I feel like the presence and absence of people and the conditions under which people appear is one of the most interesting things about the project. As social documentary work, it’s very unexpected.
PD: There is an element of scrupulousness with the way Zoe approaches it. It made me think of a film by an Indian filmmaker Ritwik Ghatak, titled, in English, A River Called Titas (1973). It’s about a community around a river. One of the opening frames is a lovely image of the river. There is a woman standing on the banks as it’s raining, and the camera pans from her feet and goes up to her mid- torso and then the image gets washed out with the rain. It made me think about the human body as part of the river and of nature—and, in this case, brown bodies in a particular landscape that they belong to, which is East Bengal. I was really struck by that image and it made me think more critically about social-documentary ways of documenting migrants and their paths across borders, across rivers.
NB: In the Al río book, Tim, you and Zoe chose to include a poem by Natalie Diaz in which she reminds us that the river is in us and that we are the river, not least because we are mainly water as human beings. It’s not about the river, Diaz tells us, but about rivering. It’s not a thing, but an action, and it has to do precisely with movement. So maybe that’s one reason why there’s no centrality given to the human figure in the work. Because the human figure, at least the one that photography can represent, would inevitably be an inscription of a form of habitation of the planet that exercises violence, historically, against another understanding of habitation in which human bodies and bodies of water are one and the same, necessarily interrelated. Portraiture would actually complicate that, would make it very problematic. A large number of the photographs don’t even show the river or something that looks like a river. You’re seeing something else, the surroundings, or places where you can’t reach the river. As to the absence of text and titles and captions, it’s very interesting to me. If she had named the photographs, she would’ve been pushing the images into that old relationship with the cartographic, with taxonomy, which is at the heart of the history that has been told around the medium. So the refusal of naming is another attempt, just like the refusal of privileging the human body, at re-inscribing the river as part of a particular kind of ontological understanding of the world.

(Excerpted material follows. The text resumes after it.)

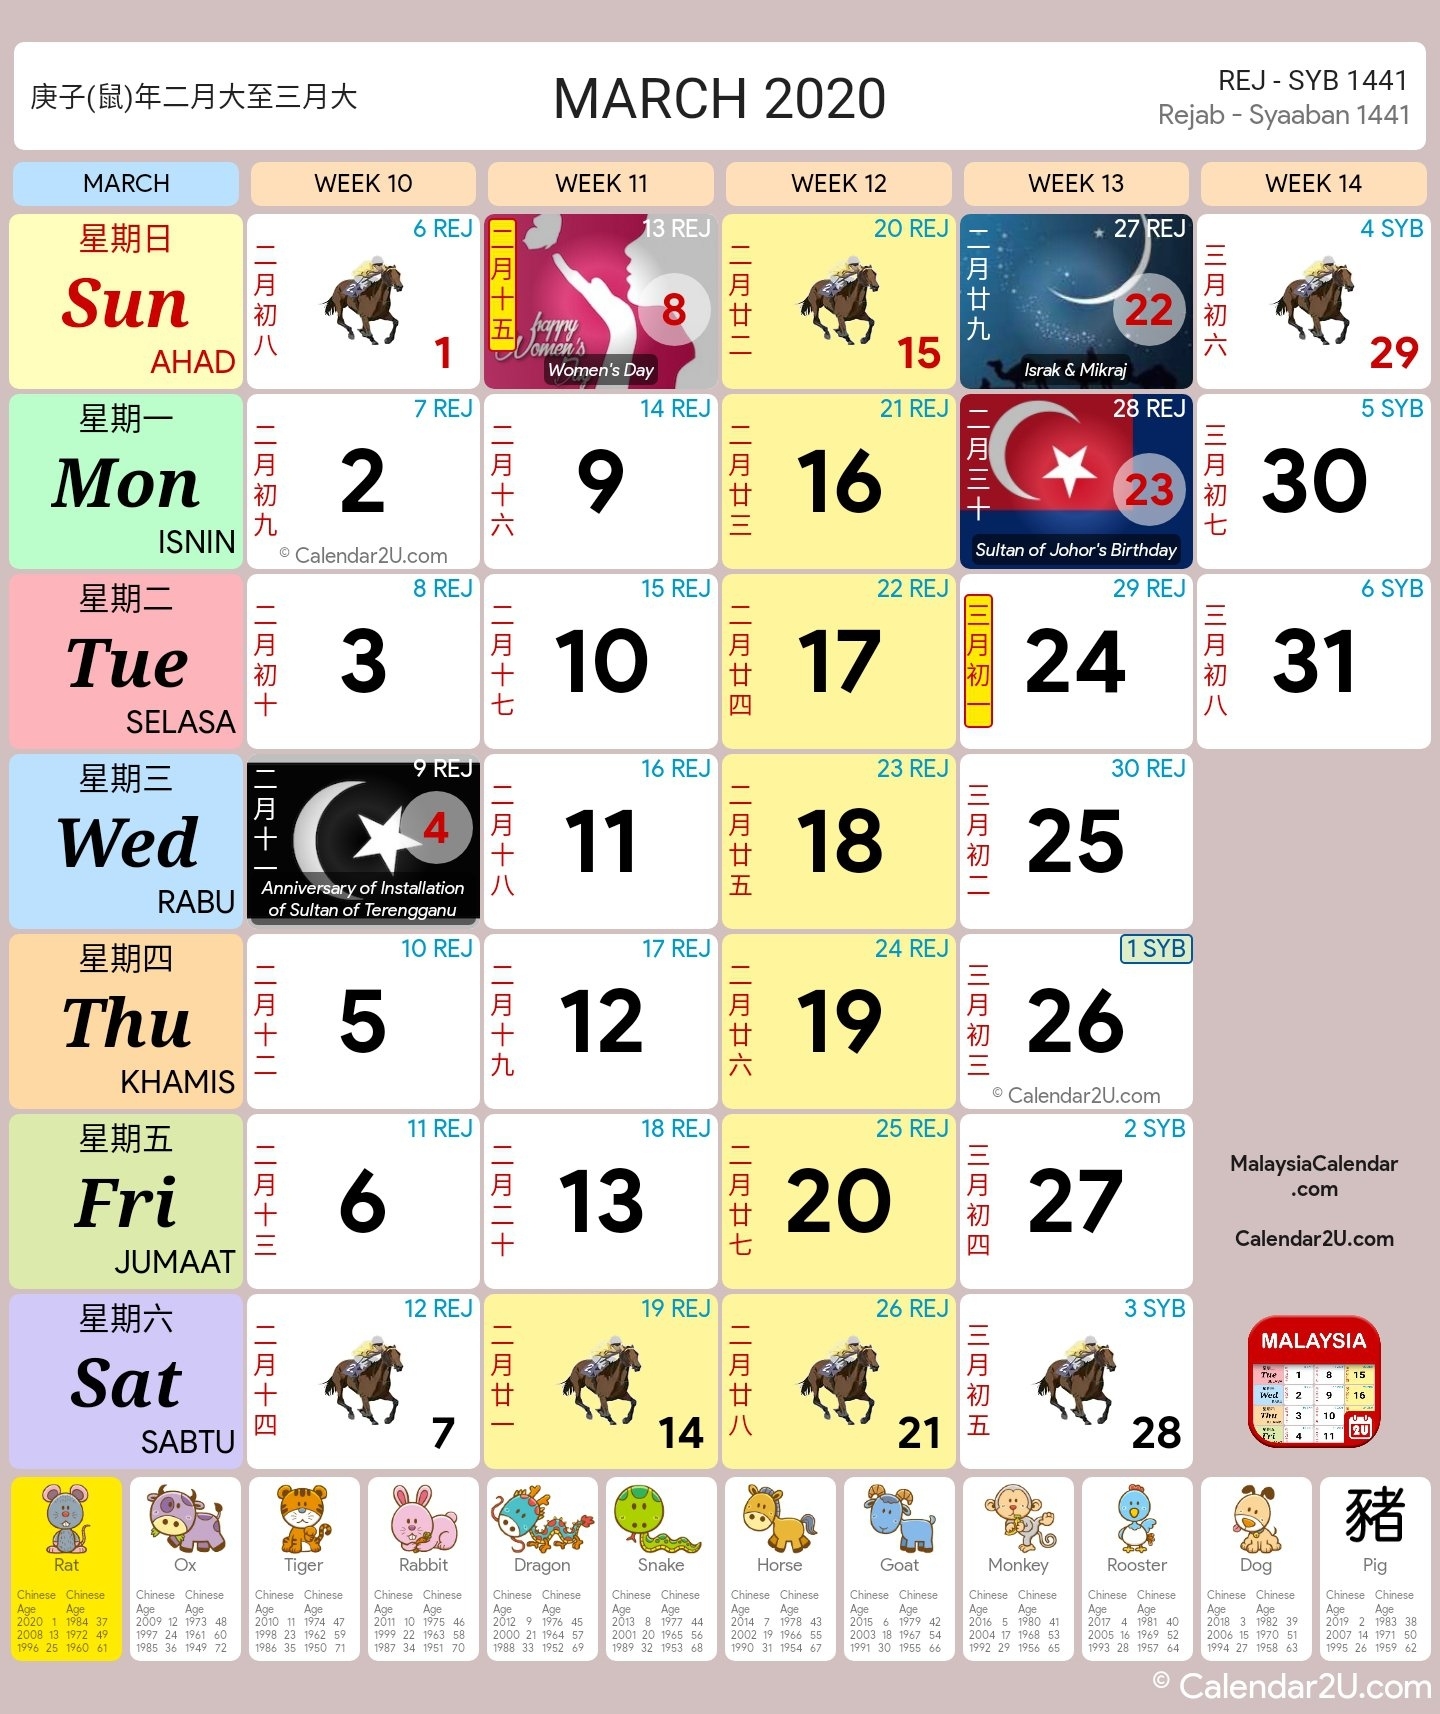 Malaysia Calendar Year 2020 (School Holiday) - Malaysia Calendar 2020 Calendar With Malaysia Holidays And School Holiday

“Barthes once wrote that he had never made a photograph. Remember that? There’s practically nobody alive today who could say that. That’s the framework we have to think within. We’re all implicated.”—Ken Gonzales-Day
TJ: Ken, you’ve made a kind of epic, epistemically profound body of work and a book, Lynching in the West, 1850 –1935 (2006), that has so much to do with presence and absence, including your own role as a modifier of existing images and producer of new ones. What does the idea of human absence in Al río say to you?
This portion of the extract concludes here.